И тем не менее Гасконская война, как стала называться эта кампания, была для Франции весьма дорогой. До окончательного мирного договора, заключенного в Шартре н 1303 году, в Аквитании дислоцировались французские войска, что обошлось казне в 2 млн. ливров.
Сегодня миллионные, миллиардные суммы операций государственного бюджета, имущества корпораций, предприятий и даже частных лиц не вызывают нашего удивления. Но в конце XIII века миллион ливров — это была подавляющая, невообразимая величина. Расчеты шли в ливрах, солях и денье. 12 денье (д) равнялись 1 солю (с), а 20 солей — 1 ливру (л). Ливр представлял собой только счетную единицу, монеты достоинством в 1 ливр не было, самыми ходовыми монетами были денье и полденье.
Во времена Филиппа IV во Франции существовали две валютные системы: старая, парижская (п) и новая (н). Четыре старых ливра равнялись пяти новым.
Искусный ремесленник в день получал в лучшем случае 18 новых денье (нд), или 27 новых ливров (нл) в год.
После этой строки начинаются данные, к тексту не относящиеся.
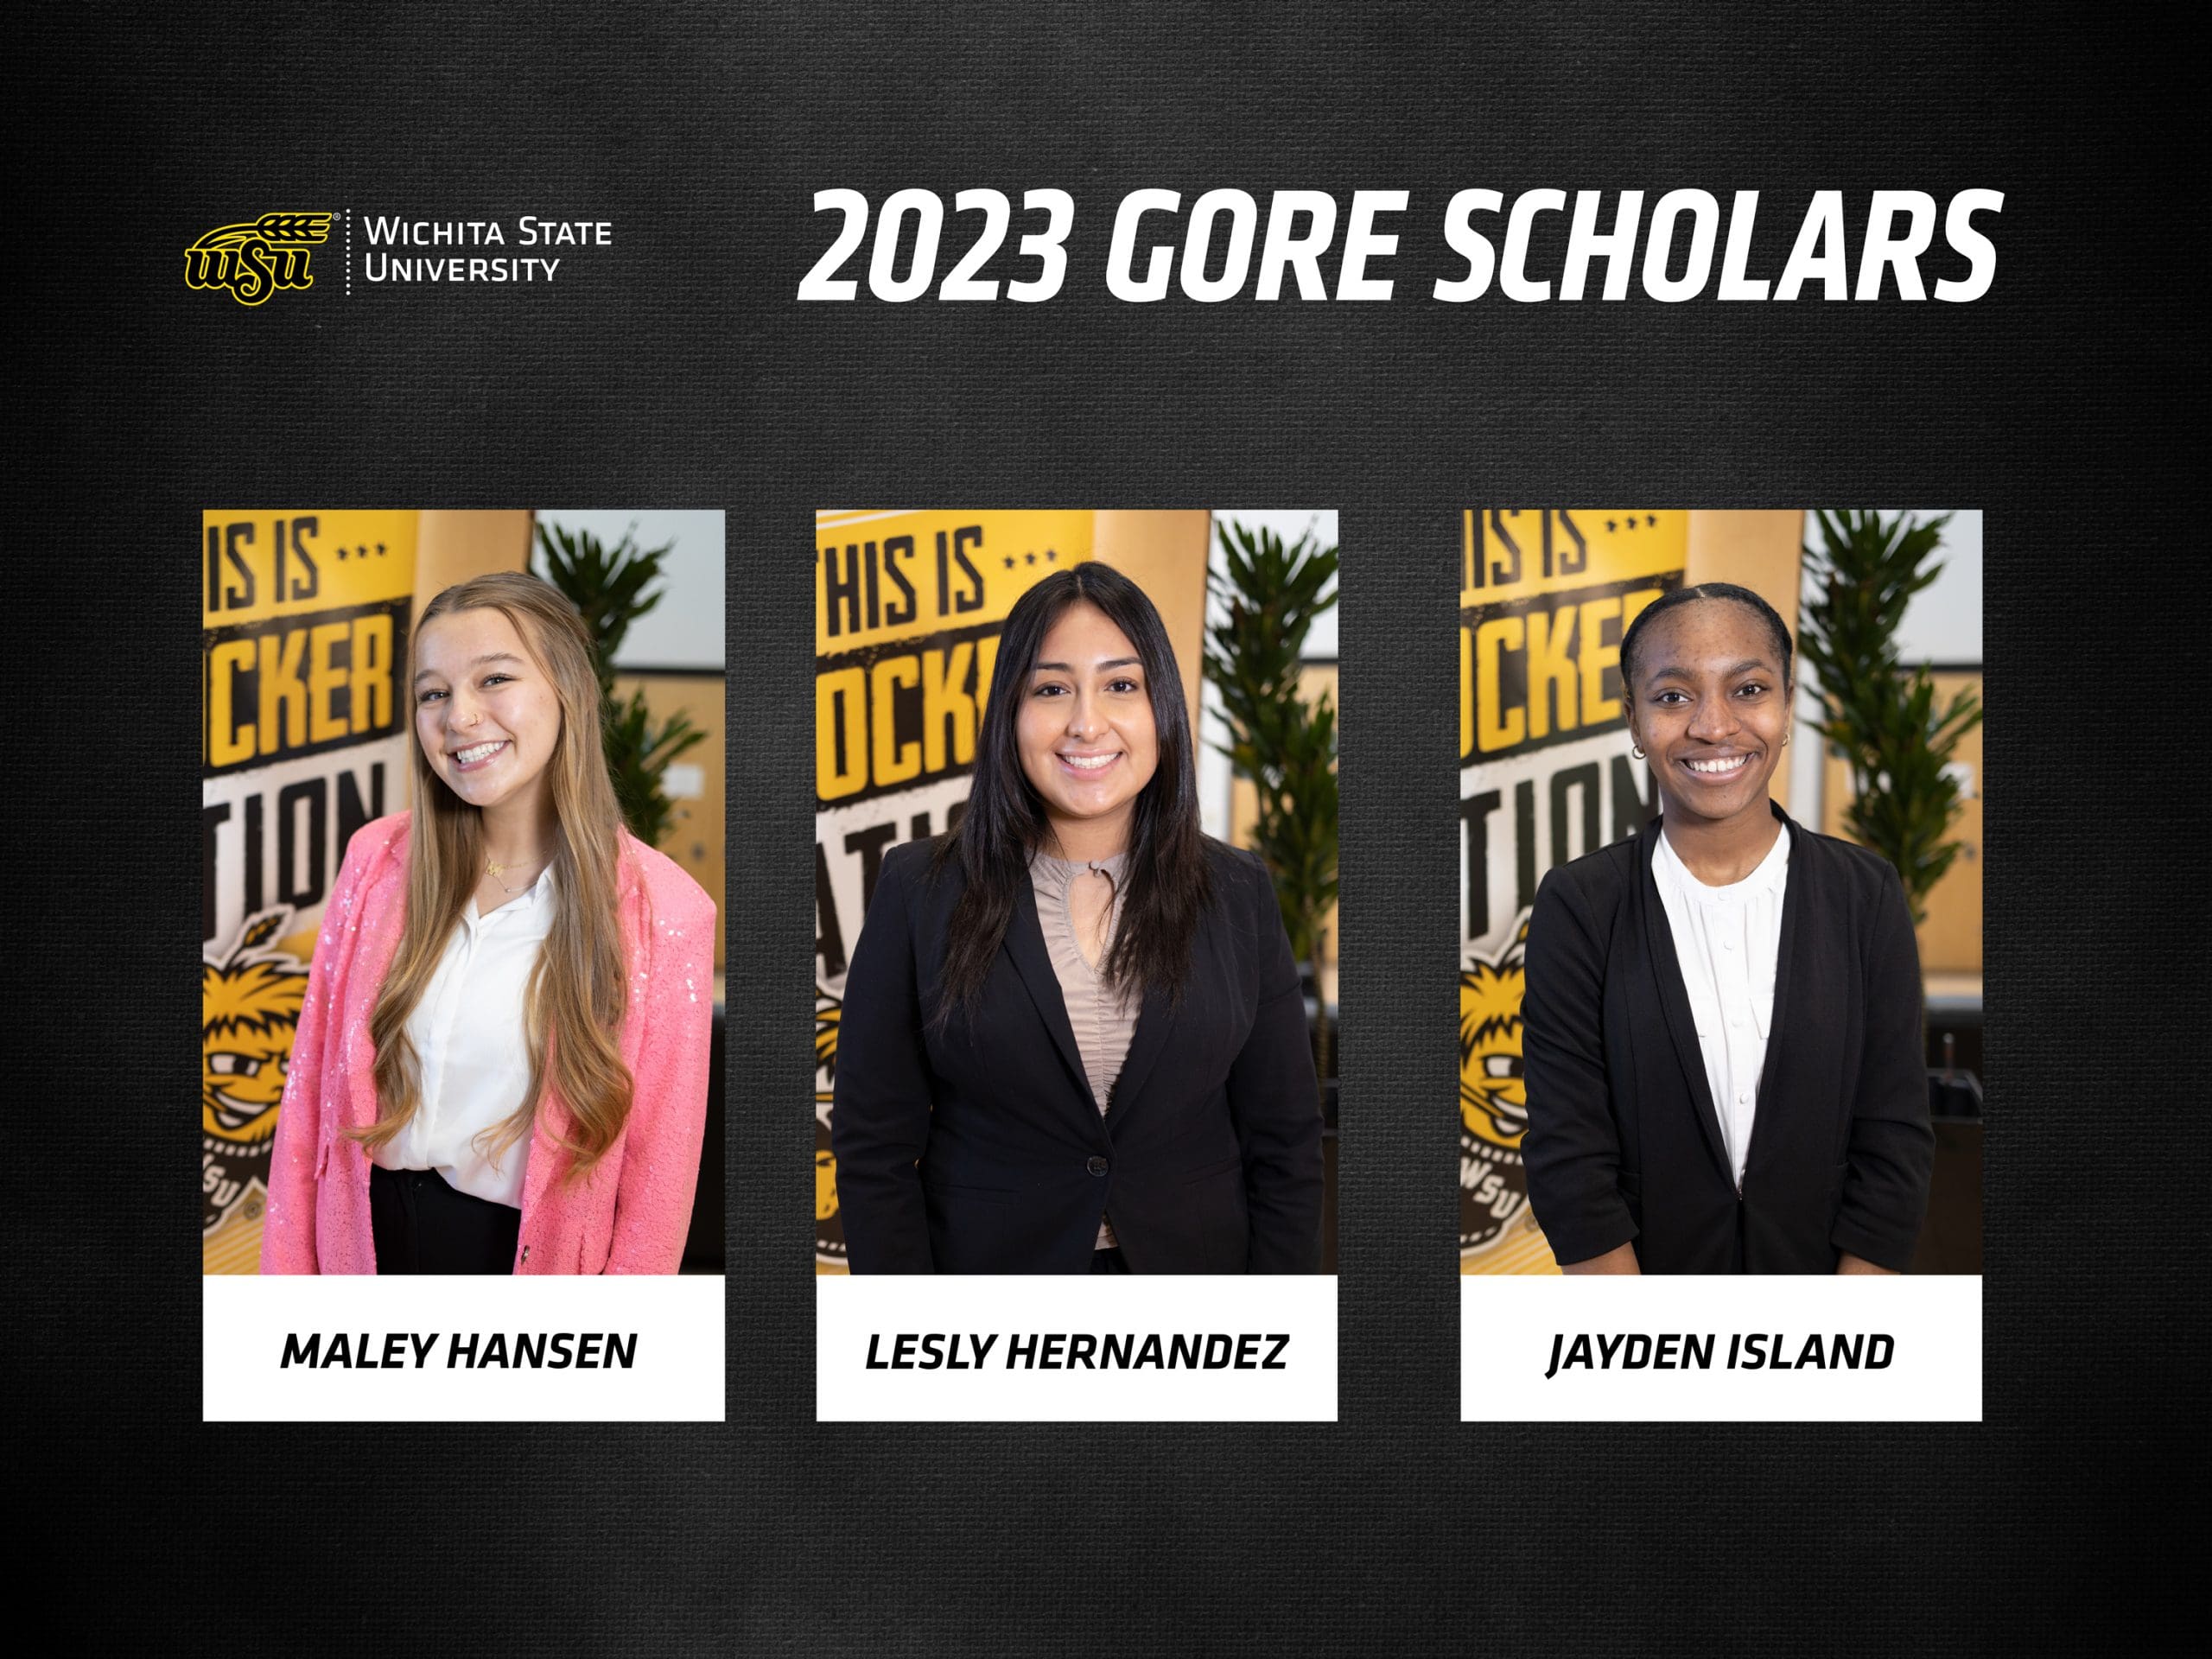 Photos of the recipients of the 2023 Harry Gore Memorial Scholarship, Maley Hansen, Lesly Hernandez and Jayden Island.
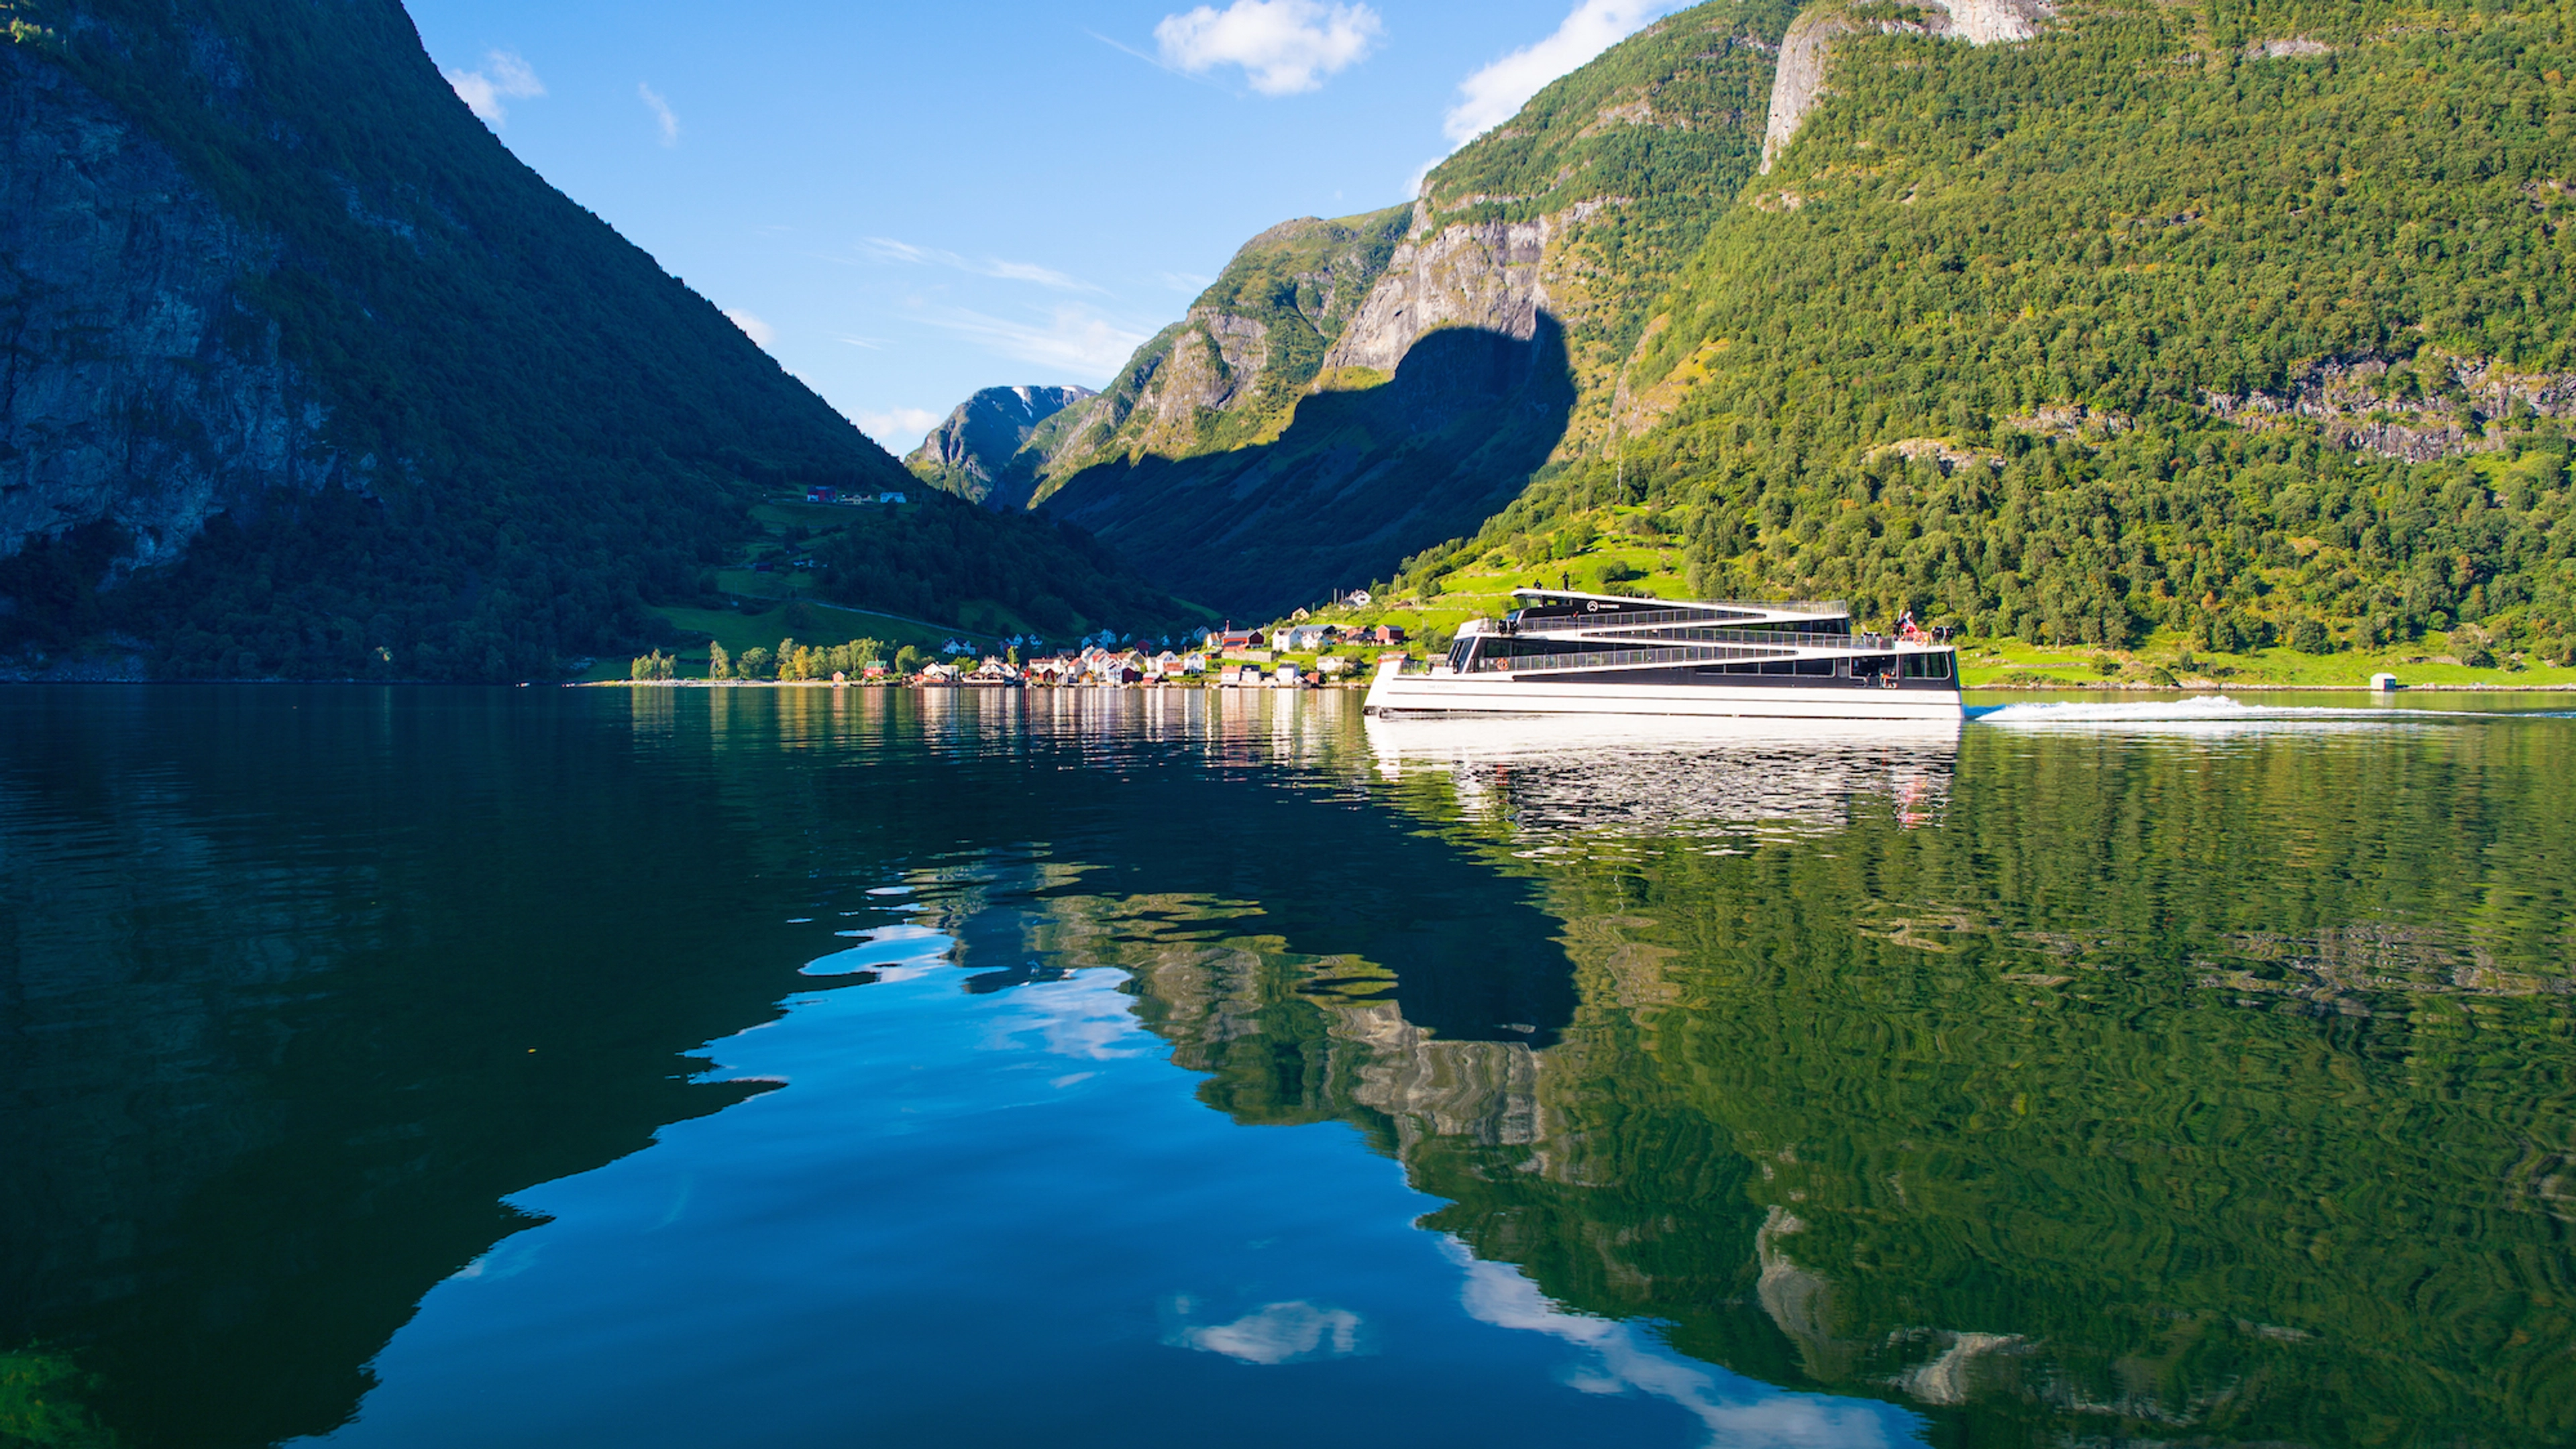 Fjord cruise on the Nærøyfjord from Flåm - Norway

Жалованье королевского служащего недворянского происхождения (за исключением высших чиновников) составляло 2—5 солей в день, рыцаря — 10 солей.
Доходы высших чиновников исчислялись на годовой основе. Жалованье верховного судьи или высшего чиновника королевского двора составляло от 365 до 700 нл. Мастер королевского монетного двора, одновременно советник короля по монетным делам Бэтен Косинель получал только 250 нл. Самый высокооплачиваемый человек на королевской службе Ангерран де Мариньи получал 900 нл в год.
Документ, составленный примерно в 1296 году, дает представление о том, из каких источников предполагалось изыскать средства для финансирования Гасконской войны:
200 000 нл — твердые доходы от королевских владений 249 000 нл — десятина, удерживаемая из доходов церкви 315 000 нл — налог на баронов (1/100 имущества)
35 000 нл — налог на баронов в Шампани ('/so)
65 000 нл — налог на ломбардцев
60 000 нл — налог с торгового оборота городов (в большинстве случаев в виде «налога с очага»)
16 000 нл — налога на сделки между ломбардцами во Франции
225 000 нл — налог на евреев, включая удержанные штрафы
200 000 нл — займы у ломбардцев
630 000 нл — займы у зажиточных подданных
50 000 нл — займы у прелатов и королевских служащих
50 000 нл — доходы от «облегчения монет»
Итого: 2 105 000 нл
Некоторые позиции (например, обложение евреев), безусловно, завышены. Некоторые не полностью раскрыты: перечень городов, из которых казна получает налоговые поступления, явно не полный.
Были ли эти деньги получены, мы не знаем, как не знаем и того, на какой период эти поступления были рассчитаны. Лишь церковная десятина соответствовала годовой сумме. Из займов в 1295 году было получено 632 000 нл, причем не всегда и не везде ненасильственным путем. В целом королевский призыв помочь казне в «оборонительной борьбе» имел большой успех. О том, что планировалось начать войну самое позднее в 1292 году, народ, естественно, не знал.
Но повторить то, что удалось в 1295 году, было практически невозможно. Особенность займов состоит в том, что их надо возвращать, выплачивая, к тому же, проценты. Некоторые города, на собственном горьком опыте познакомившиеся с финансовой моралью короны, смогли добиться уменьшения сумм размещаемых королевскими чиновниками займов, отказавшись при этом от их последующего возмещения. Так, в 1295 году из города Сентон-Пуату 44 910 нл поступило в качестве даров и только 5666 нл — в качестве займов.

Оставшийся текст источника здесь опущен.